With his curious mind, de Jorio would have been interested to see the transformations that Neapolitan mimica underwent in the New World. My mother-in-law, Cristina Acocella, was born in this country, and her mother was too, but the family came from Caserta, northeast of Naples. For a number of years after I joined her family, my mother-in-law told me nothing about Italian hand gestures, and I believe she avoided using them in my presence. I was not Italian. Eventually, however, she got older, and one day, when I was complaining to her about someone, she tore a piece of paper off the edge of the Daily News, wrote the person’s name on it, and disappeared into the kitchen. I followed her and found her putting the piece of paper in the freezer, in a plastic bag containing many similar strips. She wouldn’t let me look at the bag, but I sneaked down later and opened it. It contained maybe thirty or forty names: the neighbor who looked at my mother-in-law in an odd way when the new air conditioner was delivered, the girl who recommended to my sister-in-law the cream that made her face break out, the man who told my father-in-law that the Department of Motor Vehicles was open on Sunday, and so on.

In the years that followed, my mother-in-law and I had many discussions about her bag of names. “It’s primitive, Mom,” I would say. “What if people knew? And what if it works? You could be arrested.” “Don’t be silly,” she would say. “It’s not real. It’s just a game.” And then she would ask me to spell the name of the boy who was with her grandson when the latter fell off his bicycle. (She had no compunction about minors.) As she explained to me, she was not harming these people; she was just slowing them down, coagulating them, as it were. She was using the mano cornuta, sense number 12, modified by New World sanctions on magic and late-twentieth-century advances in refrigeration technology.
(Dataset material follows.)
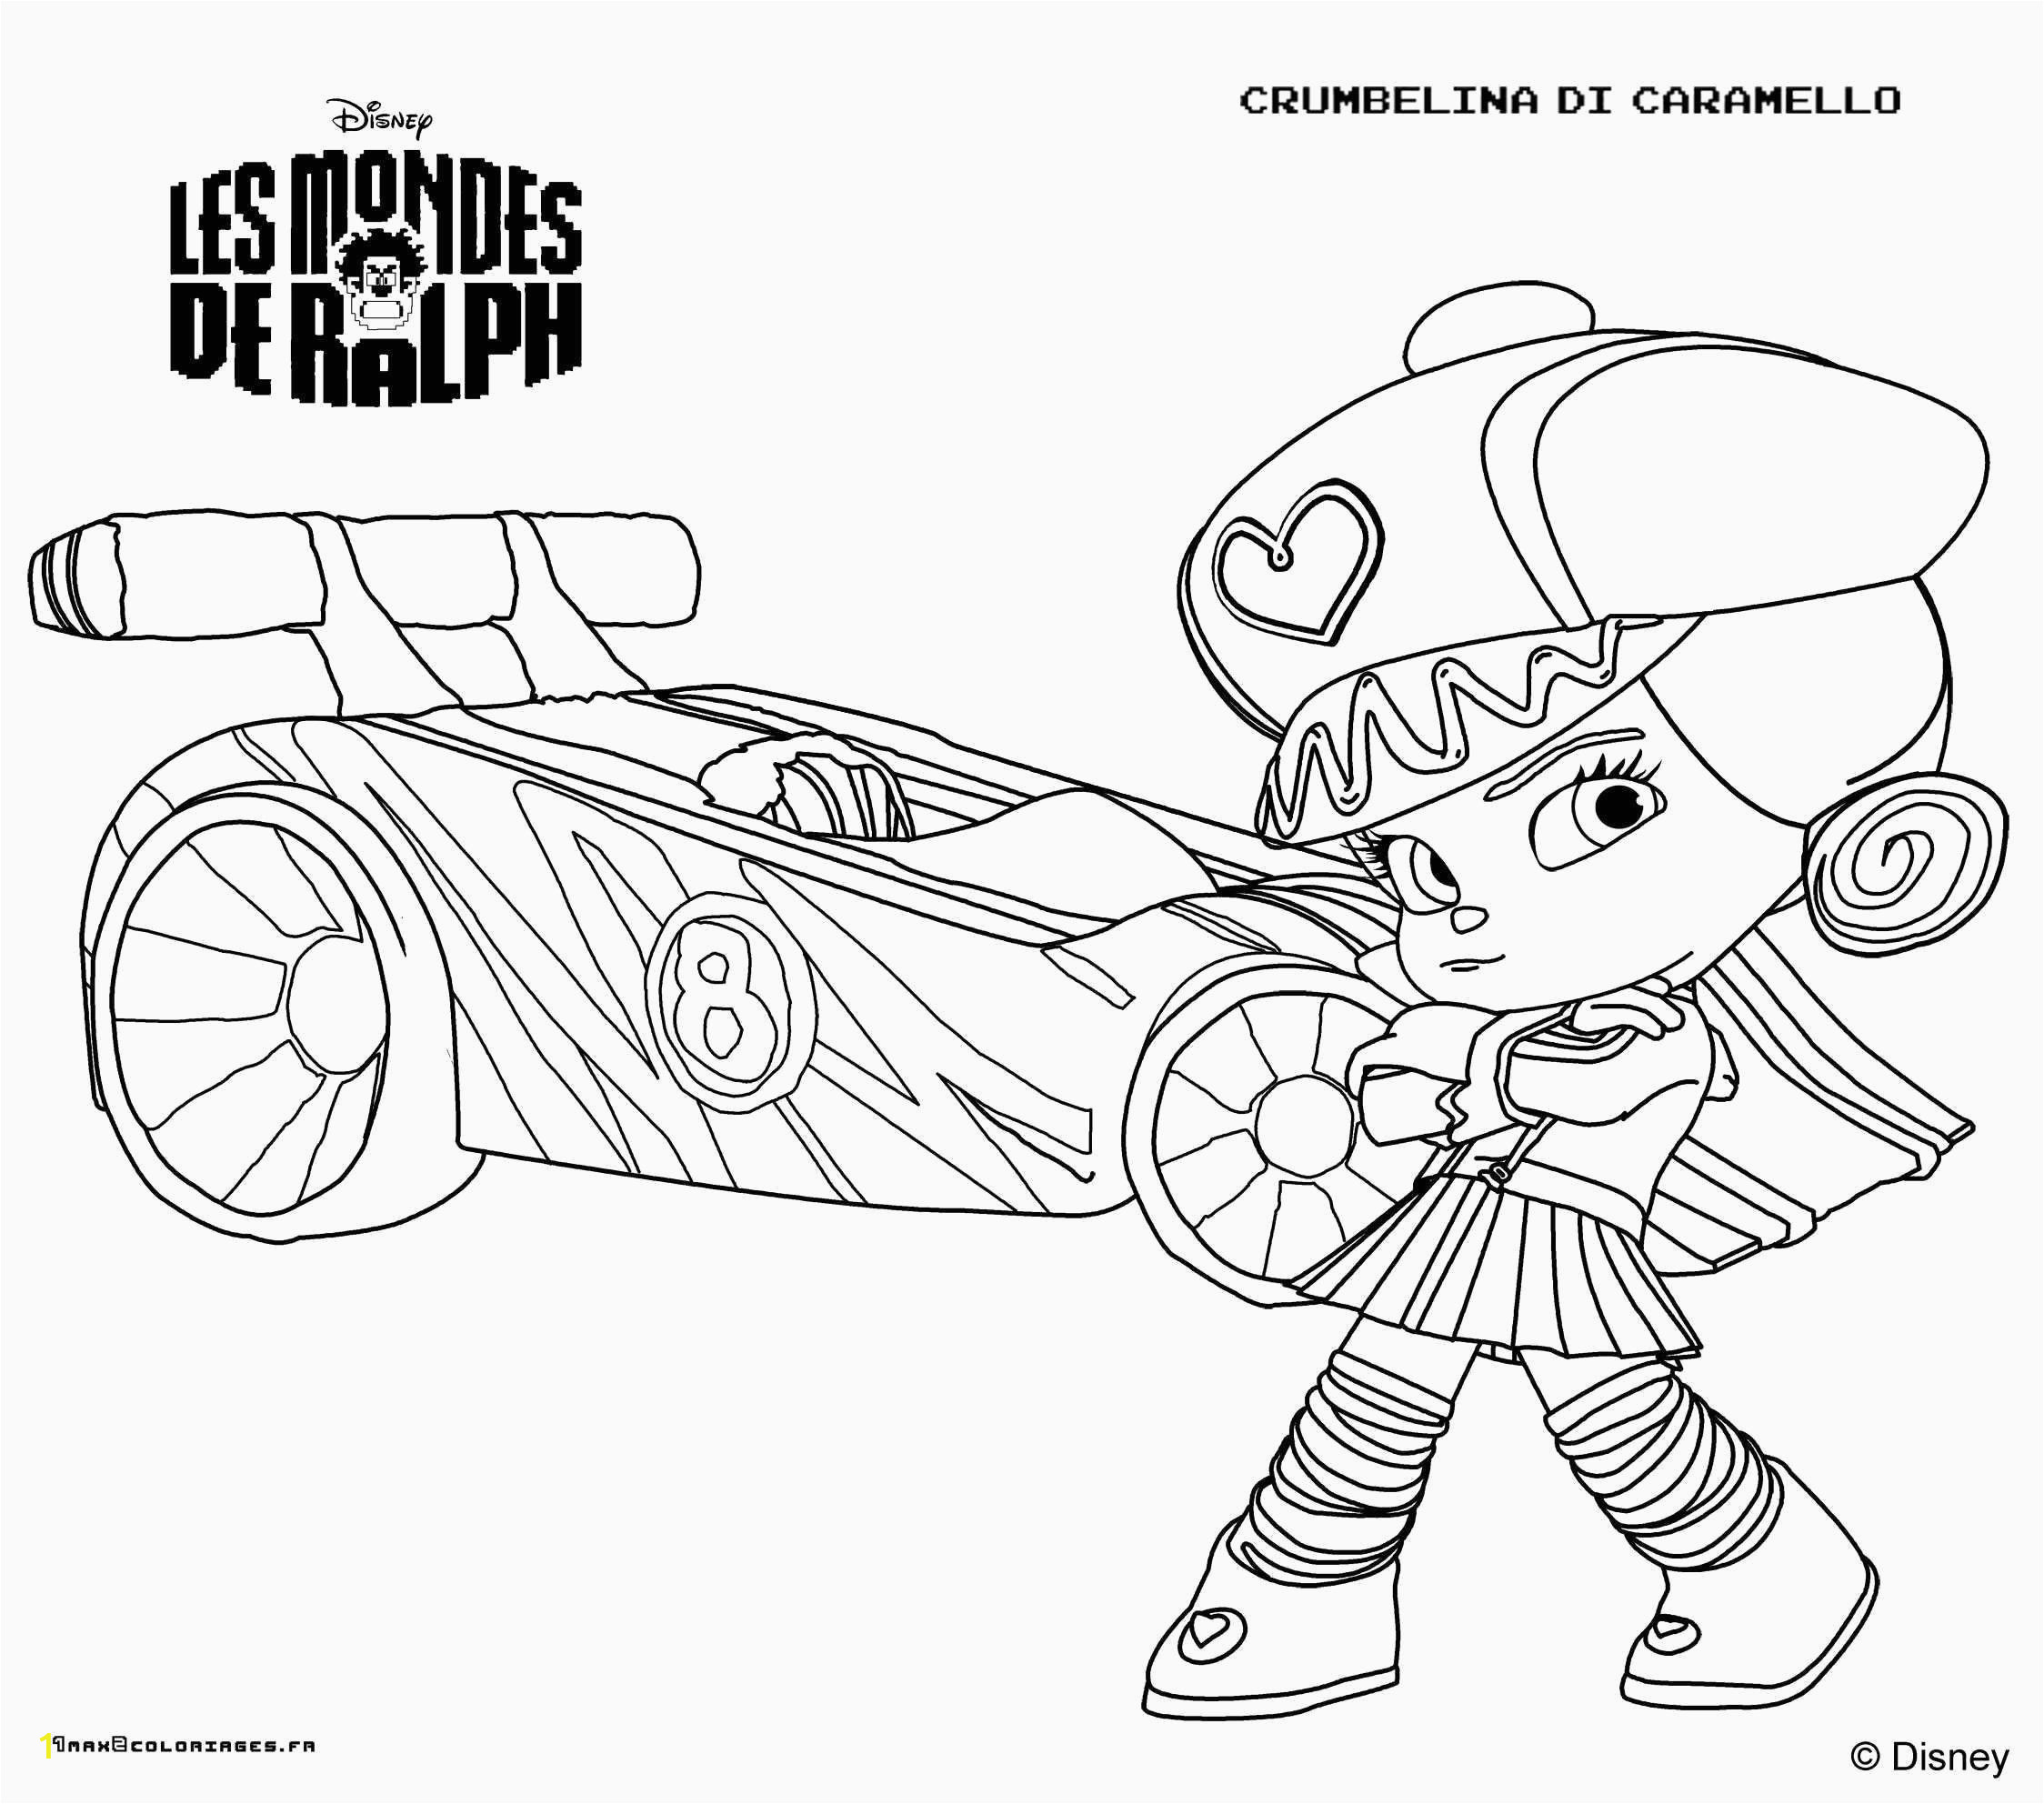 Disney Princess Halloween Coloring Pages Pin On Popular Cartoon Coloring Pages

She died in August of 1987, and my father-in-law, who did not believe in the evil eye, undoubtedly cleaned out the freezer soon after. I have often wondered whether a certain number of people in the New York metropolitan area—maybe thirty or forty of them, with nothing in common except that they all, at one point, had dealings with our family—suddenly, in the late summer of 1987, experienced relief from difficulties they had had for years. One morning, as I imagine it, a stiffness in their joints eased up; a sort of fog in front of their eyes cleared. They smiled; they breathed deeply; they were ready for action. There is no way of knowing, but I have never felt safe since.